Triple Falls, Columbia River Gorge, Oregon. Photo by Rocketstove, CC PD Wikimedia.

Symbols of Dreams About 
Various Kinds of Water

Ice — For example, if you dream about ice, there’s a situation in your life that’s frozen or static and needs to be thawed out.

Muddy or murky water — The situation is unclear and needs to be clarified.

Splashing water — There’s a need for arousal, for awakening.

Steam, vapor, mist, fog — Not all has been revealed; not all is known.

Ocean — A classic symbol of infinity.

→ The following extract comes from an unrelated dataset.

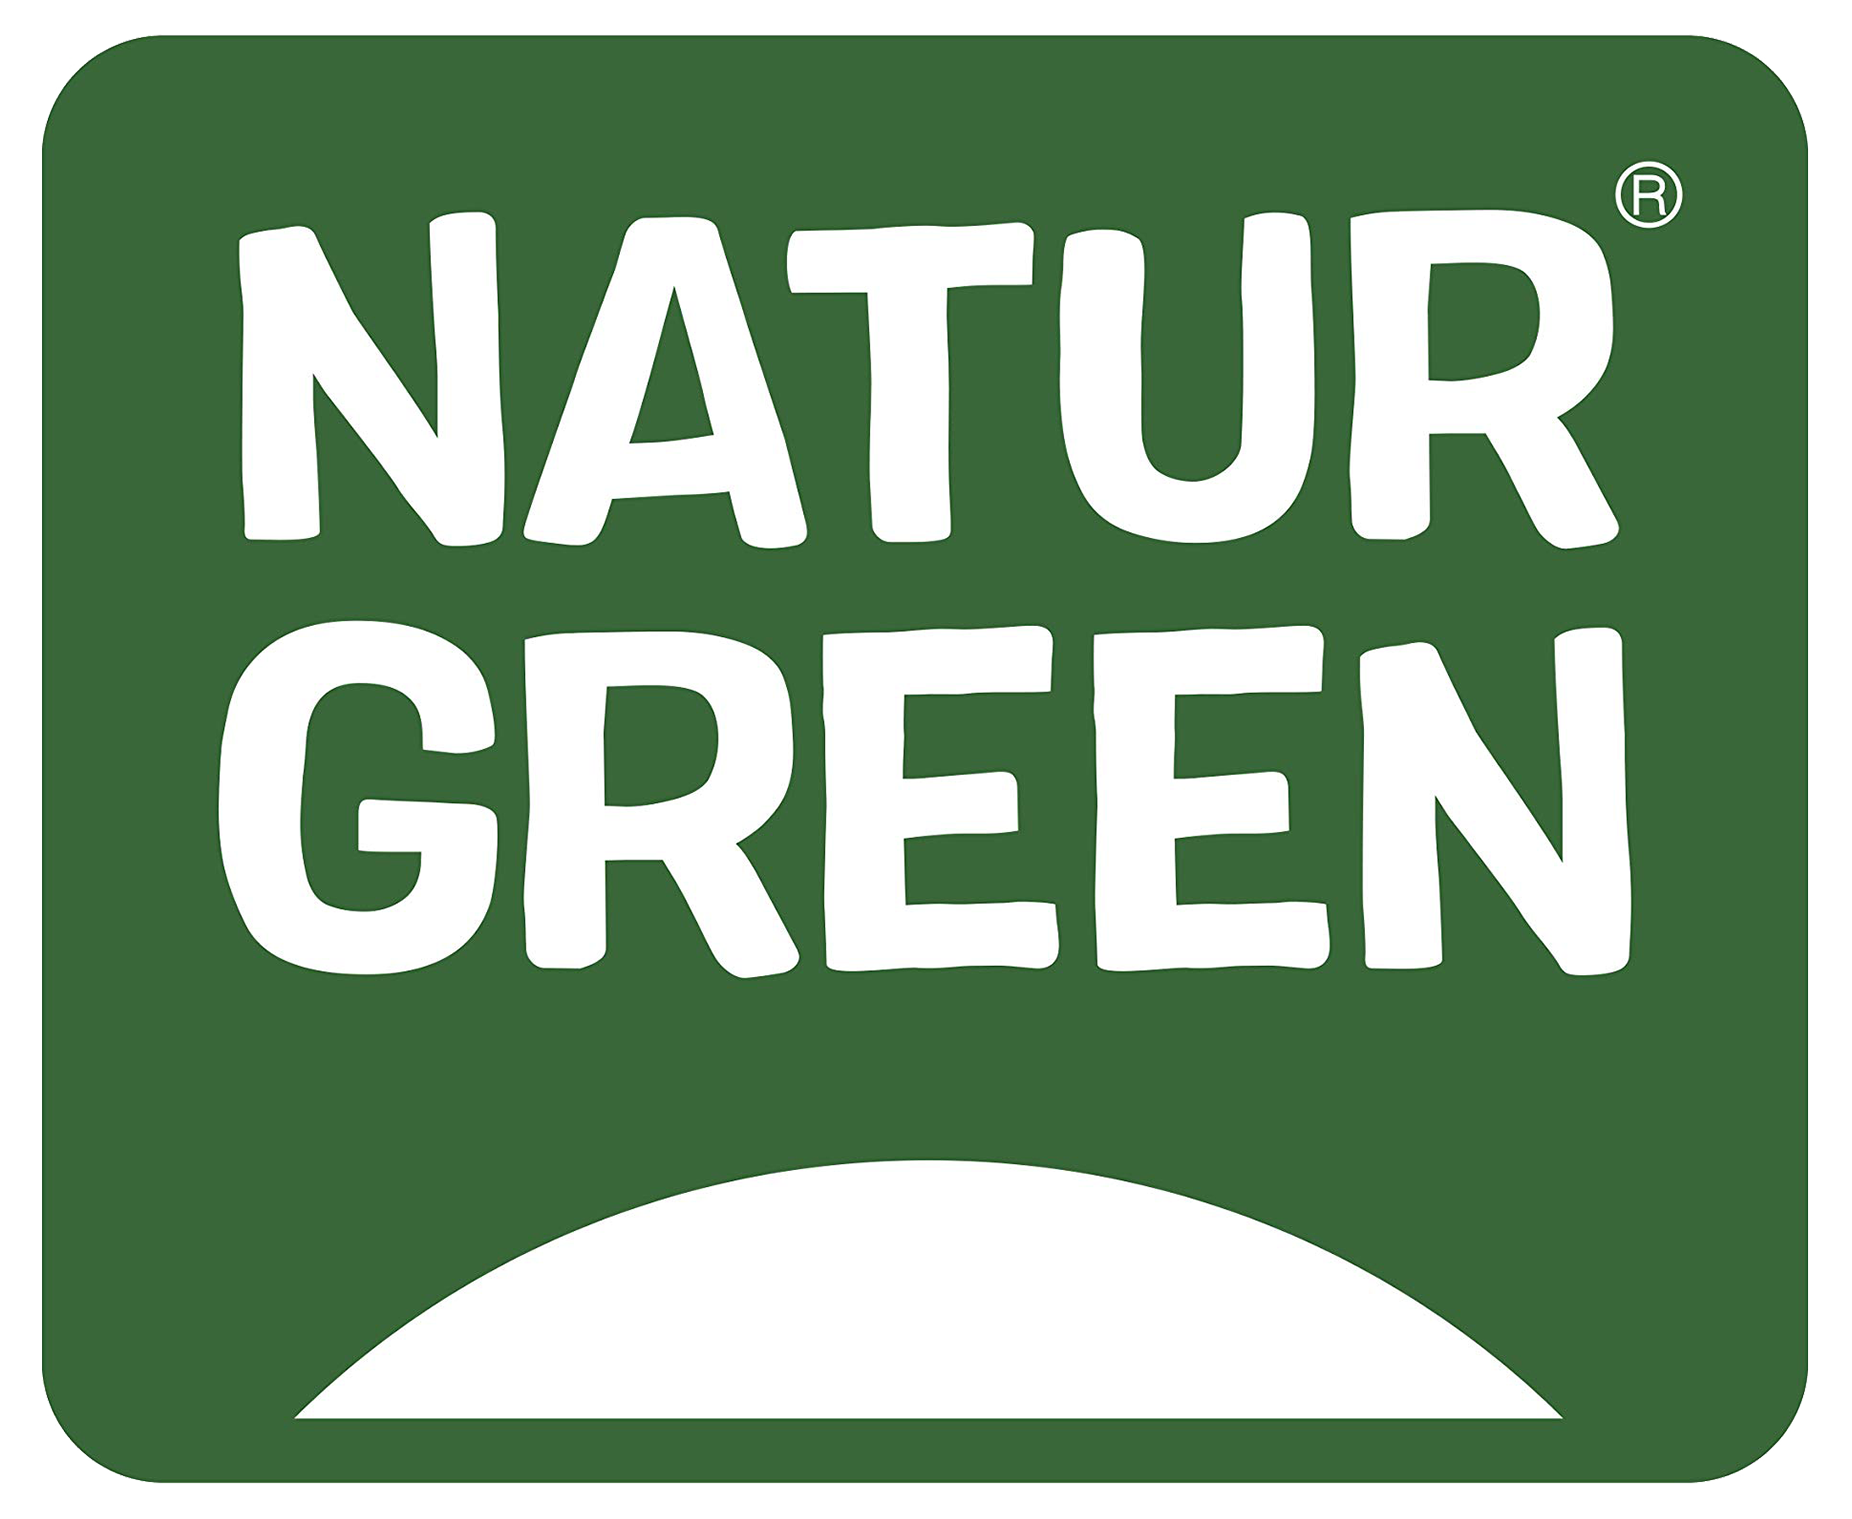 Naturgreen

Either standing on a beach and looking out as far as the eye can see or flying in an airplane gazing in any direction.

Tides — Are symbolic of the natural rhythm of things. Beyond that, there’s a powerful rhythm. In other words, it’s foolish to fight against it.

Snow — Represents quiet and peace.

Flood — This is a complex image because it’s both bad and good. It means too much, to the point of danger. It means damage and loss, but it also means judgment. In addition, it means destroying in order to purify.

Spring rains — Mean warmth, growth, softening, renewal.

Lake — This is also complex. It means unrealized potential because you see only what’s on the surface, and there’s so much underneath that has yet to emerge.

Puddle — Symbolizes play, childhood, fun, carefree; go ahead and get dirty.

Cross and Church at St. Patrick’s Well, Marlfield. By Rustythedog, CC via Wikimedia.

Stream, river — Another symbol for infinity; ever flowing, never stopping.

Oasis — Water in the desert; a place of safety or refuge, away from danger.

Well — One of the most extraordinary symbols of all. Like the ocean or the stream, it’s one of the most pregnant symbols of all time. Its meaning is to go deeper to find life-giving water. Go deeper in sports, meaning to try harder. In our intellect, in our spirituality, going deeper to find nourishment, to find reward.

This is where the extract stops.